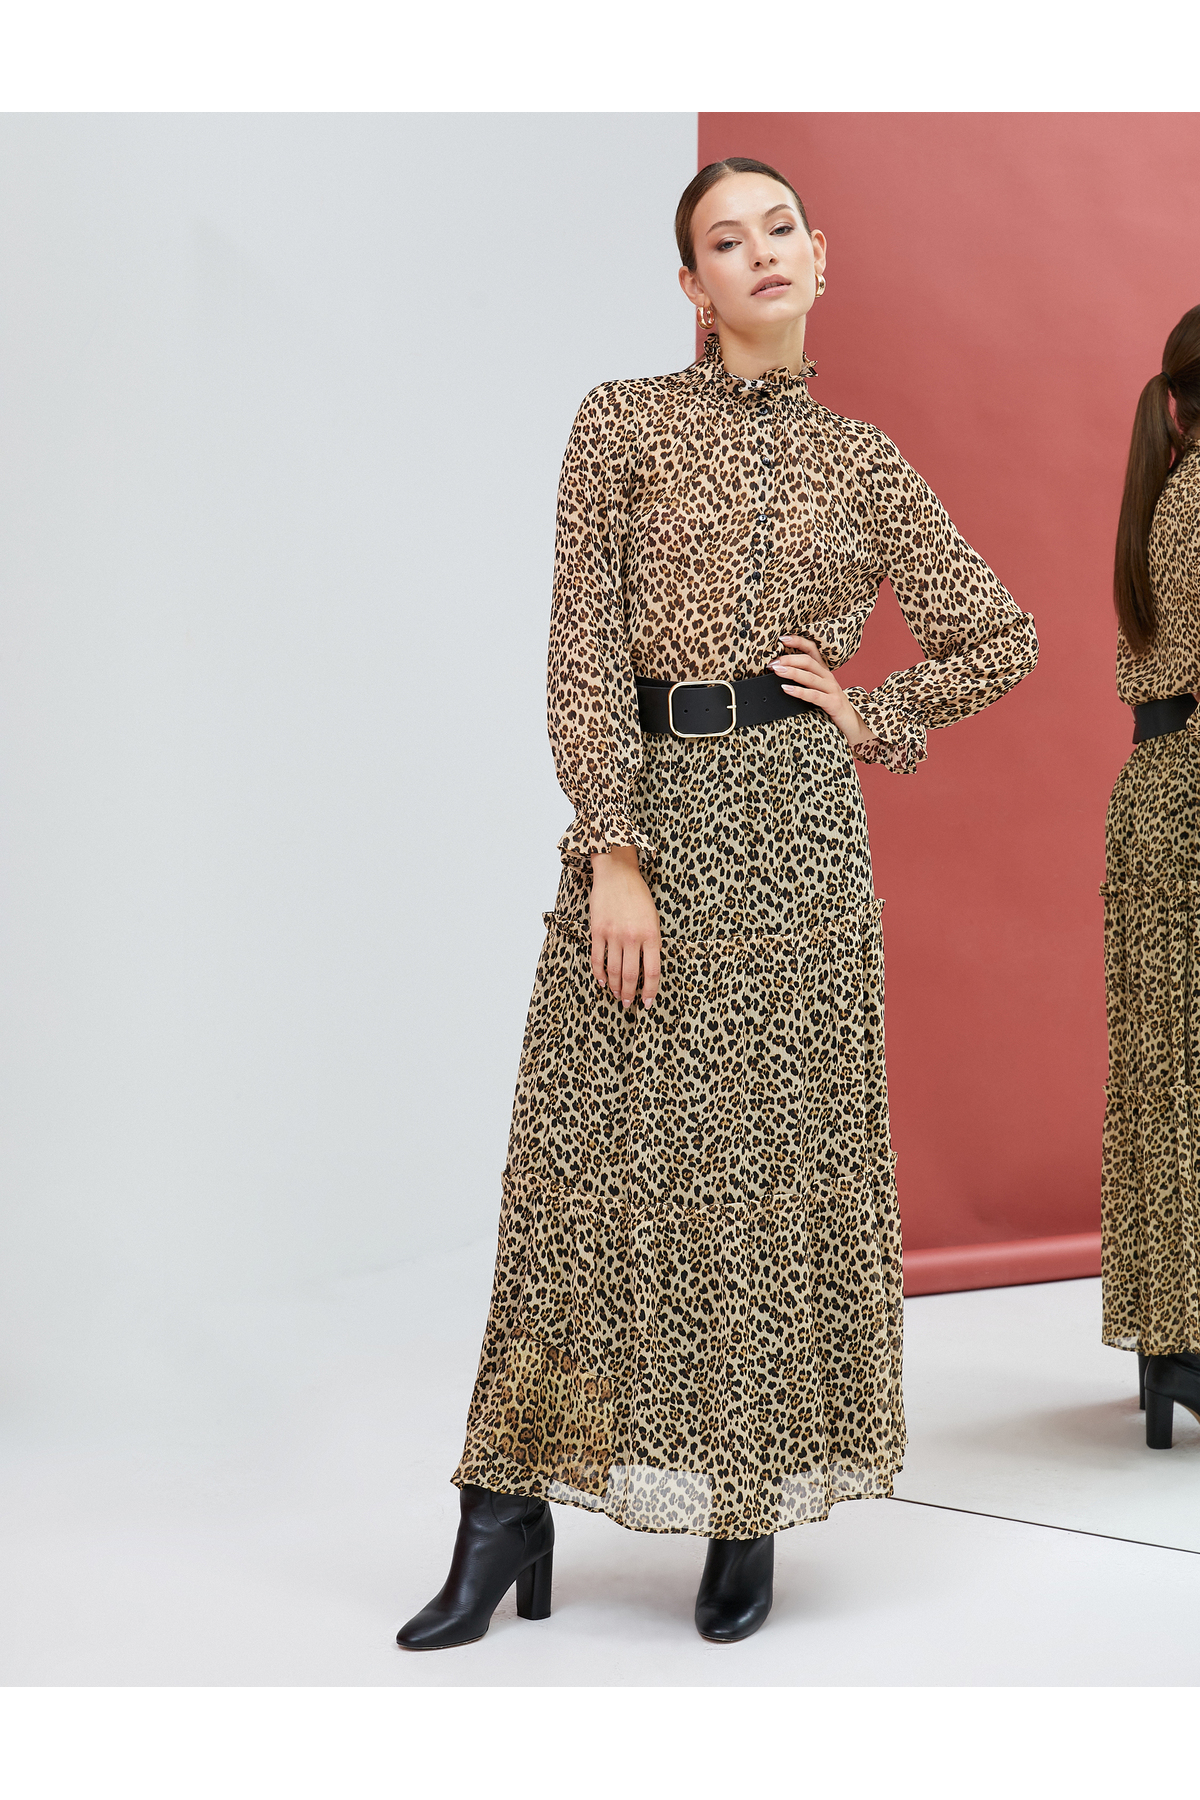 Koton Maxi Chiffon Skirt Leopard Patterned Ruffles Lined.
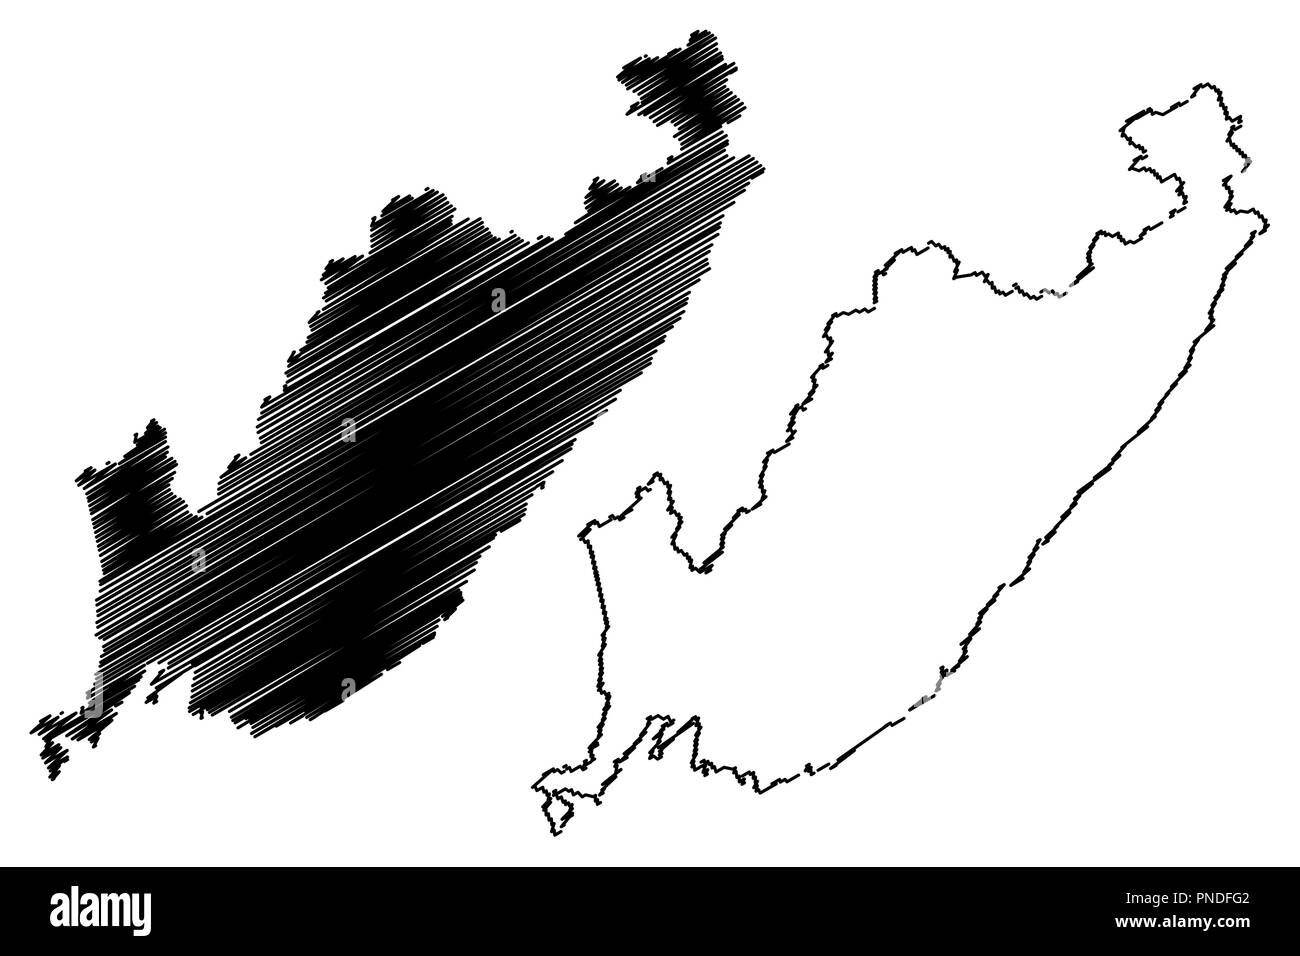 Flandre orientale (Russie, Sujets de la Fédération de Russie, de la Russie) carte Krais illustration vectorielle, scribble croquis Territoire maritime (Primorye) ma Illustration de Vecteur
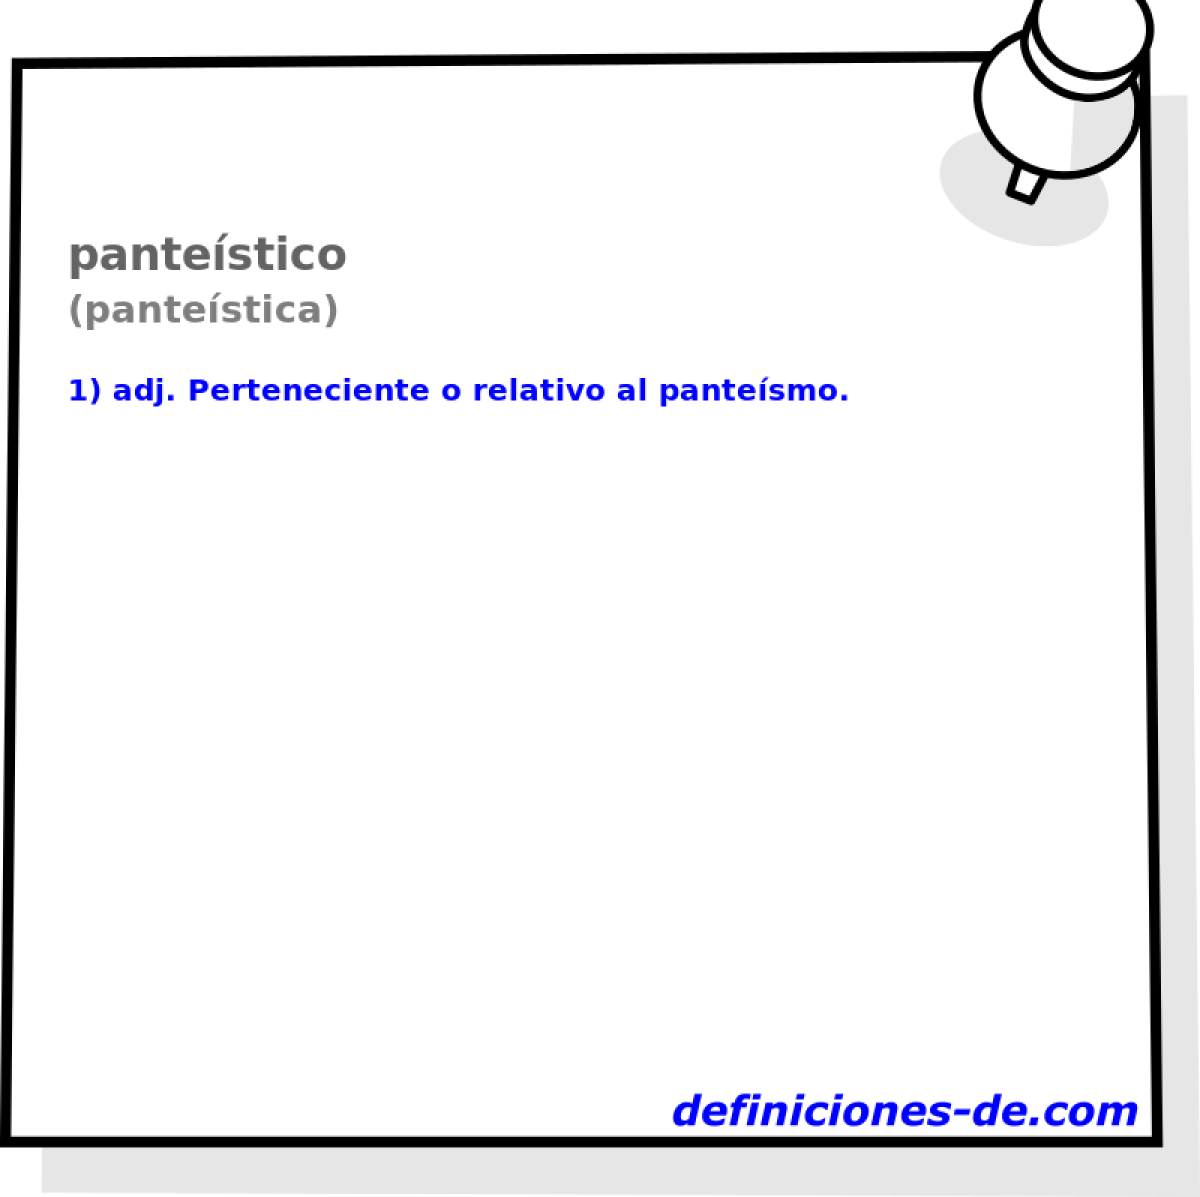 pantestico (pantestica)
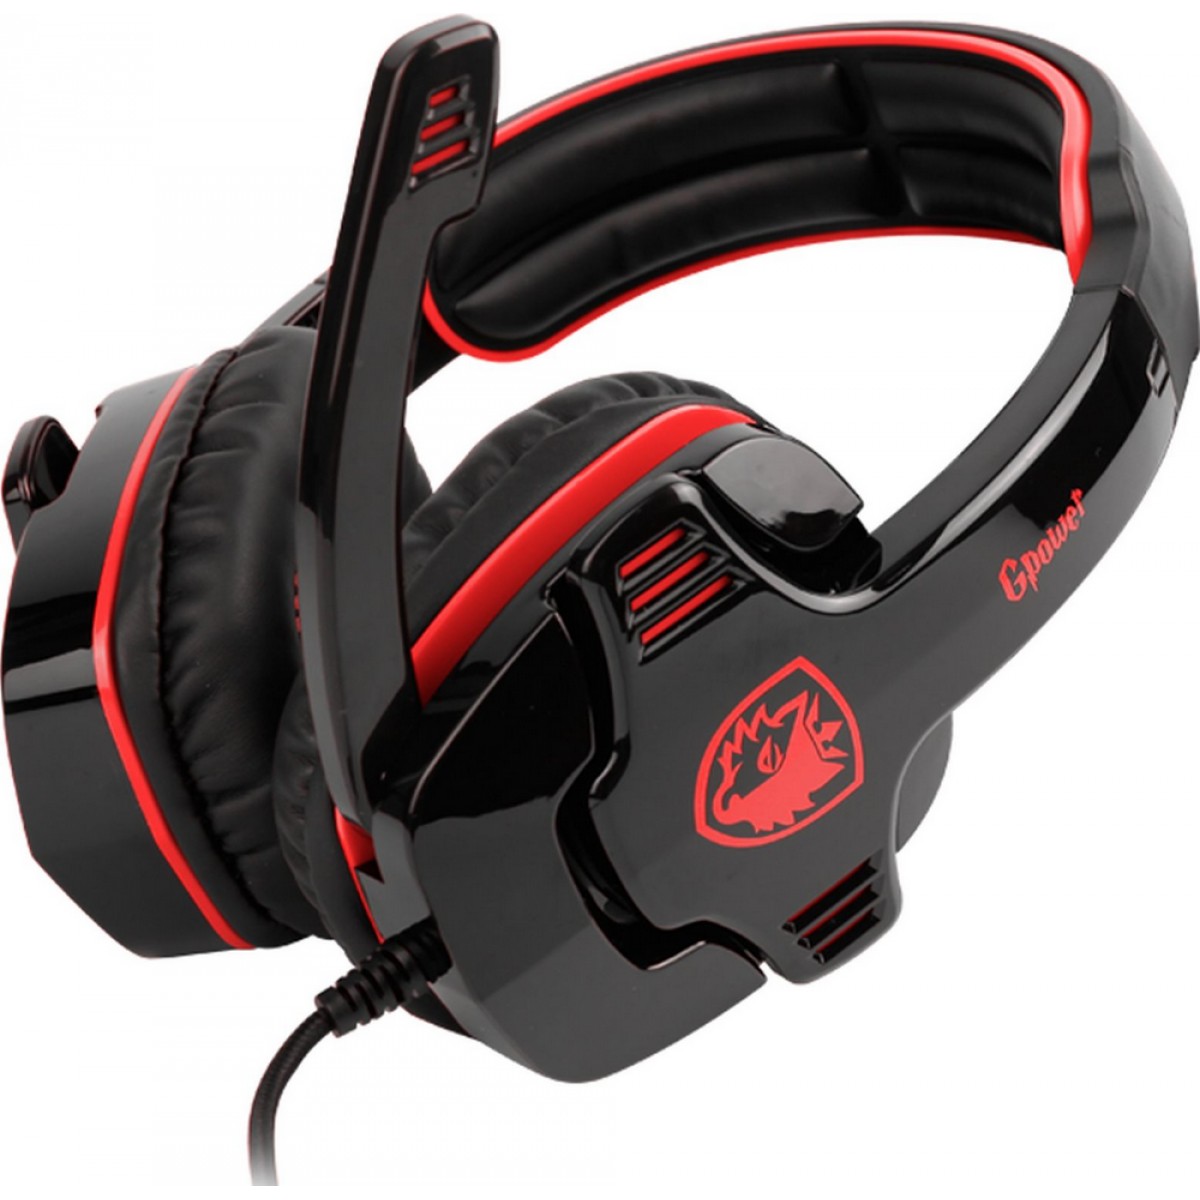 Headset Gamer Sades Sa-708 Gpower, Stereo, Black/Red, SA-708

*Your objective:* Exactly the lines from the top of the listing through the line holding "Flandre orientale (Russie, Sujets" should be repeated, with pictures left out.

*Finished task:*
 Koton Maxi Chiffon Skirt Leopard Patterned Ruffles Lined.
 Flandre orientale (Russie, Sujets de la Fédération de Russie, de la Russie) carte Krais illustration vectorielle, scribble croquis Territoire maritime (Primorye) ma Illustration de Vecteur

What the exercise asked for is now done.